TorstenLast edited by Todie77 on Fri Apr 15, 2011 10:28 pm; edited 1 time in total

----------

## Christian99

ja, das klingt sehr nach einem fehlenden treiber.

laut http://kmuto.jp/debian/hcl/ heißt der treiber tulip. such mal in der kernelconfig danach.

----------

## Todie77

Ja, das habe ich auch schon gefunden und versucht. Tulip (komplett) aktiviert, Kernel neu kompiliert etc, hat aber nichts gebracht. Die Fehlermeldung kommt immer noch. Steh total auf'm Schlauch.

----------

## firefly

hast du den neuen kernel auch nach /boot kopiert und gestartet? (wenn /boot eine eigene partition ist, nicht vergessen, dass diese vor dem kopieren gemountet ist  :Wink: )

Was sagt  *Quote:*   

> ifconfig -a

 

----------

## kriz

Hi.

Du brauchst keinen neuen Kernel. 

Check bitte per <lsmod> was du so alles an Treibern geladen hast.

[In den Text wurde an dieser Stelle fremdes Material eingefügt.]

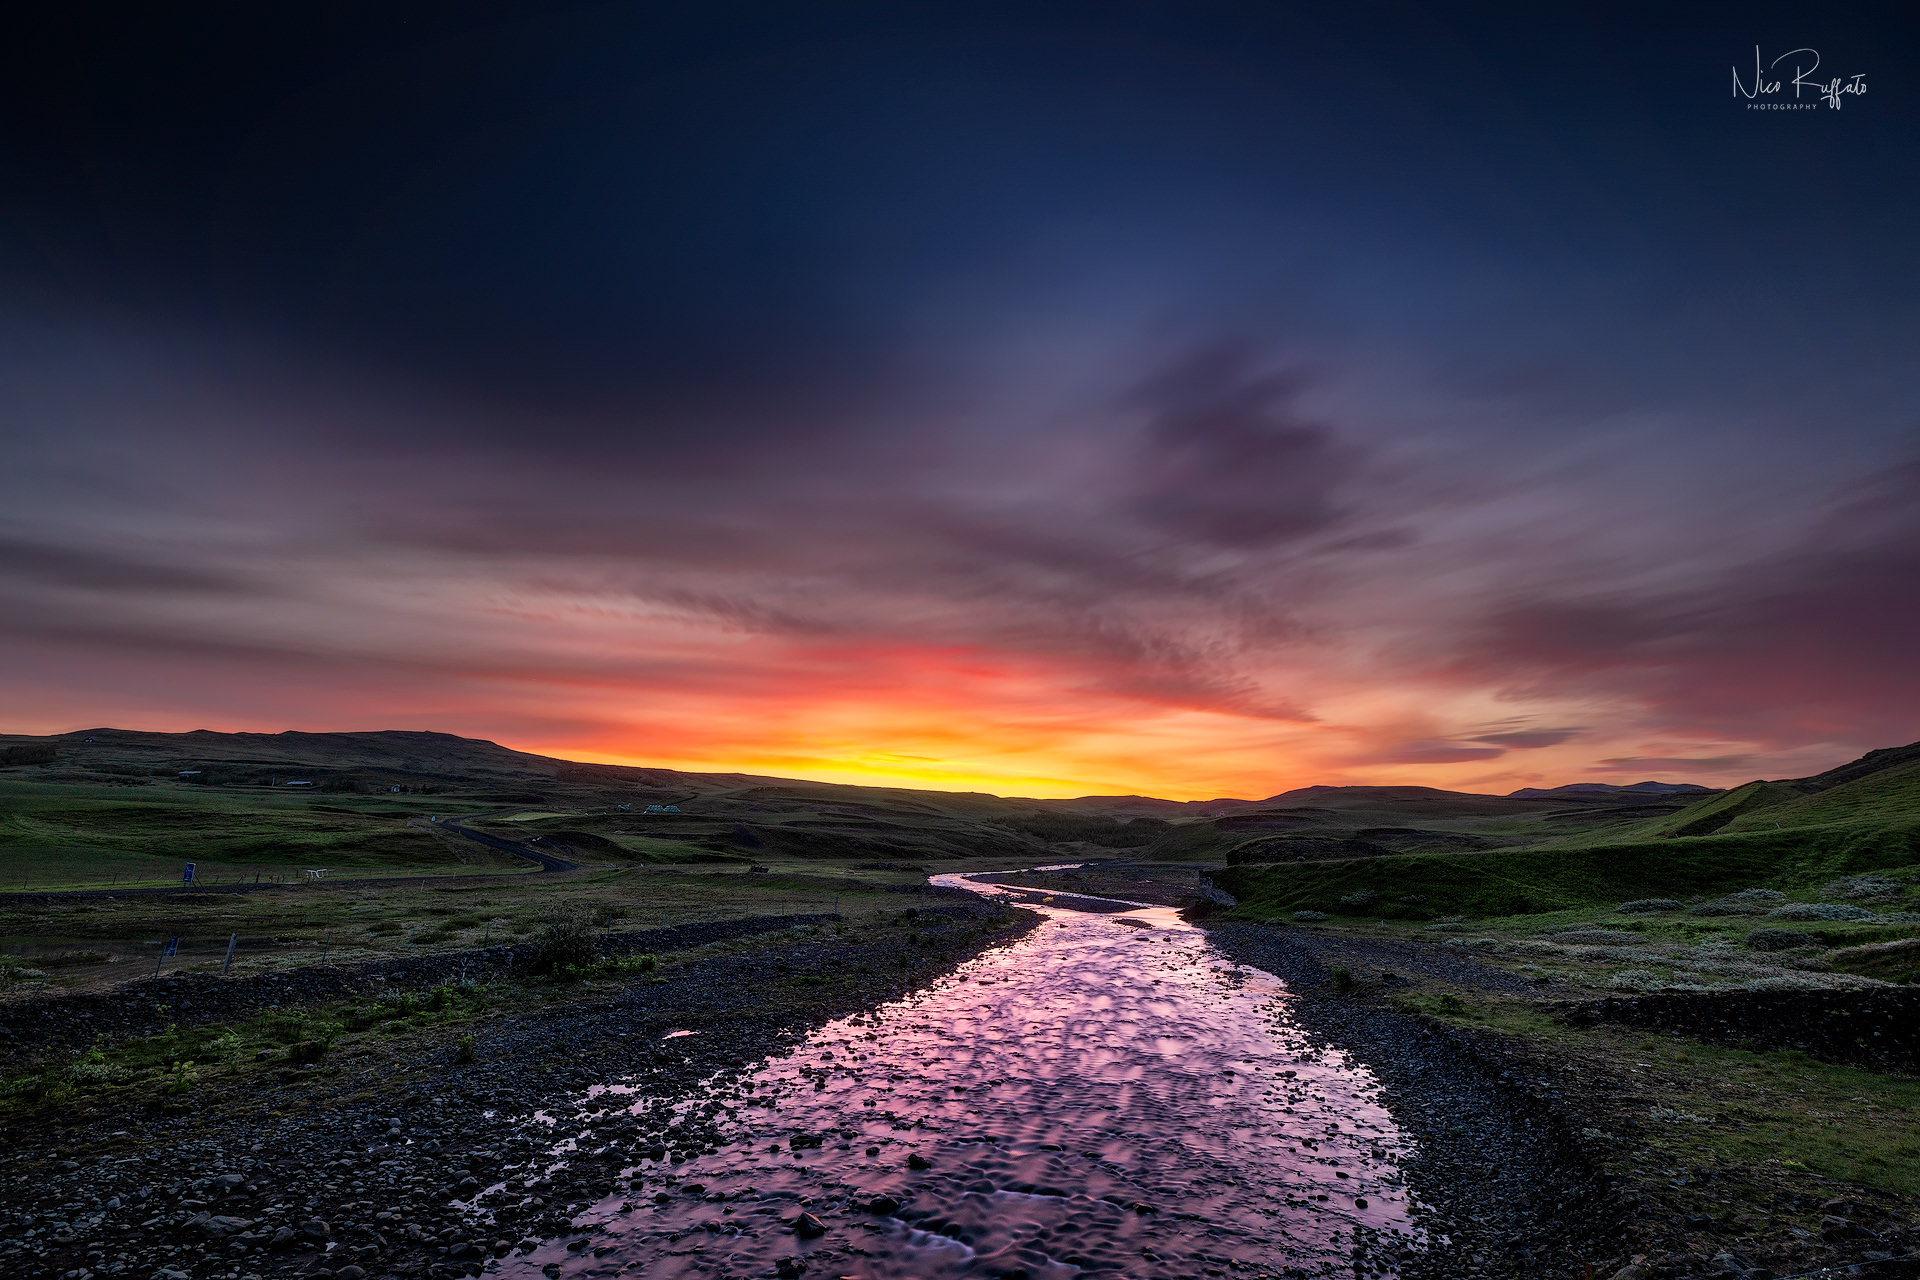 Categorie: Landscape & Nature, Reportage; Photographer:NICO RUFFATO; Location: Iceland

Gerade beim "testen" bietet es sich an, zuerst die Treiber als Module zu bauen.

Danach reicht ein <make modules_install>.

Per <modprobe> kannst du dann den richtigen Treiber laden.

cc

p.s das wichtigste vergessen......  :Smile: 

ich find' <lshw> recht gut und wenn es schon ein GUI gibt, nutz ich sowas auch.

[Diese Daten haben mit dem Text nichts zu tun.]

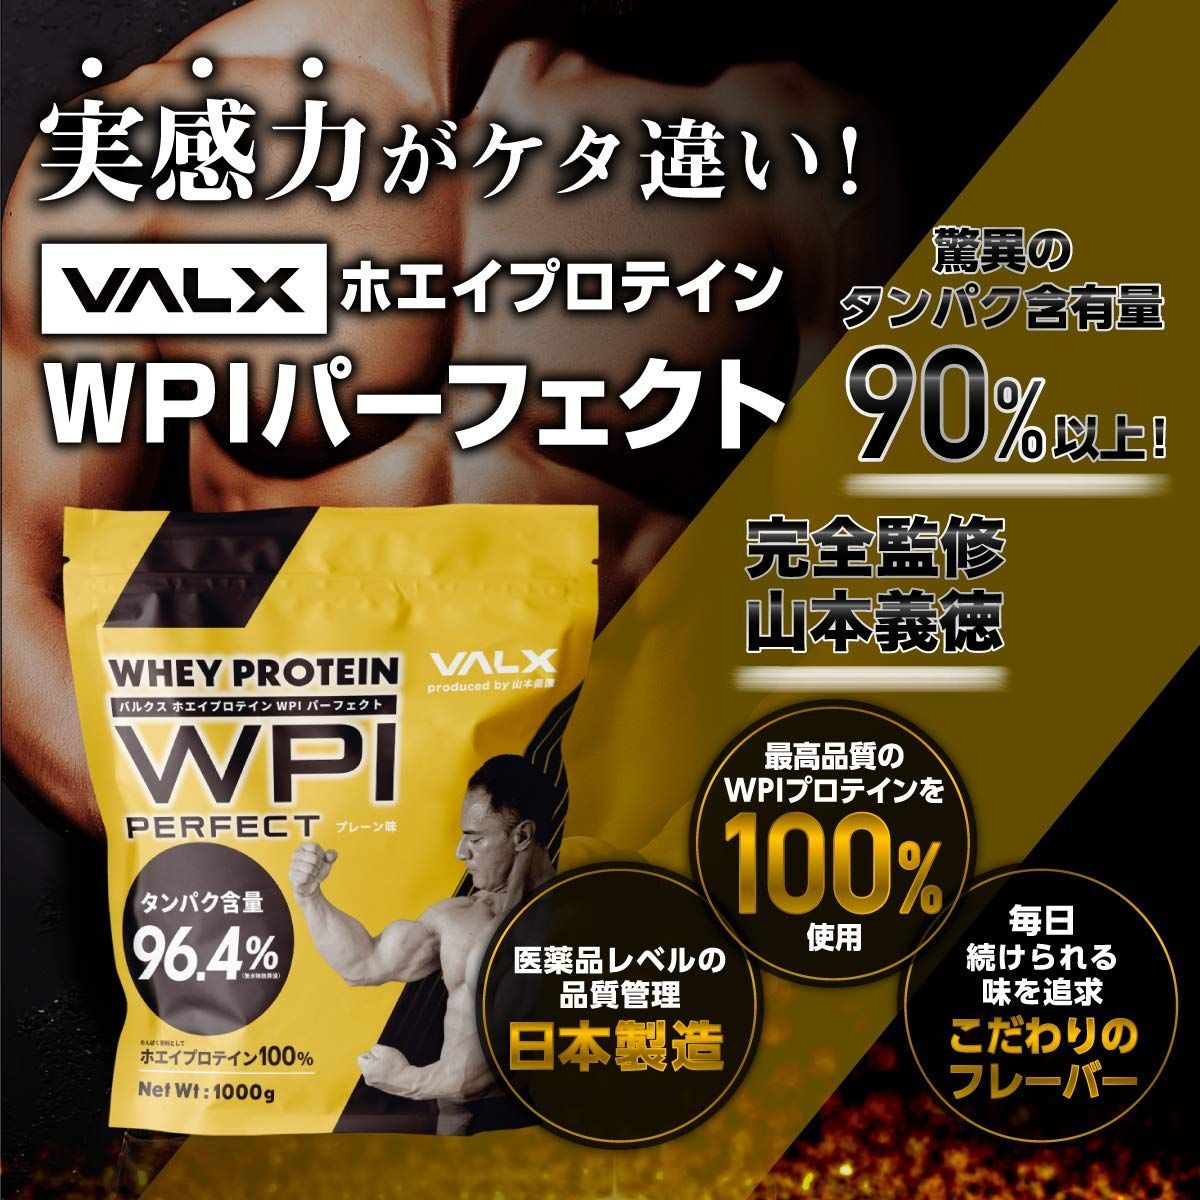 VALX ホエイプロテイン チョコレート風味 Produced by 山本義徳… - その他

http://ezix.org/project/wiki/HardwareLiSter

schönen Abend

----------

## Todie77

Ja klar habe ich den kernel nach boot kopiert und /dev/hda1 war auch gemounted (gehe ich mal von aus, da ja alles in der fstab eingetragen ist).

Und lsmod sagt gar nichts. Was ich allerdings nicht verstehe, da ich z.B. auch verschiede Verschlüsselungsalg. als Module kompiliert habe.

----------

## Christian99

hast du den treiber als modul oder in den kernel gebaut?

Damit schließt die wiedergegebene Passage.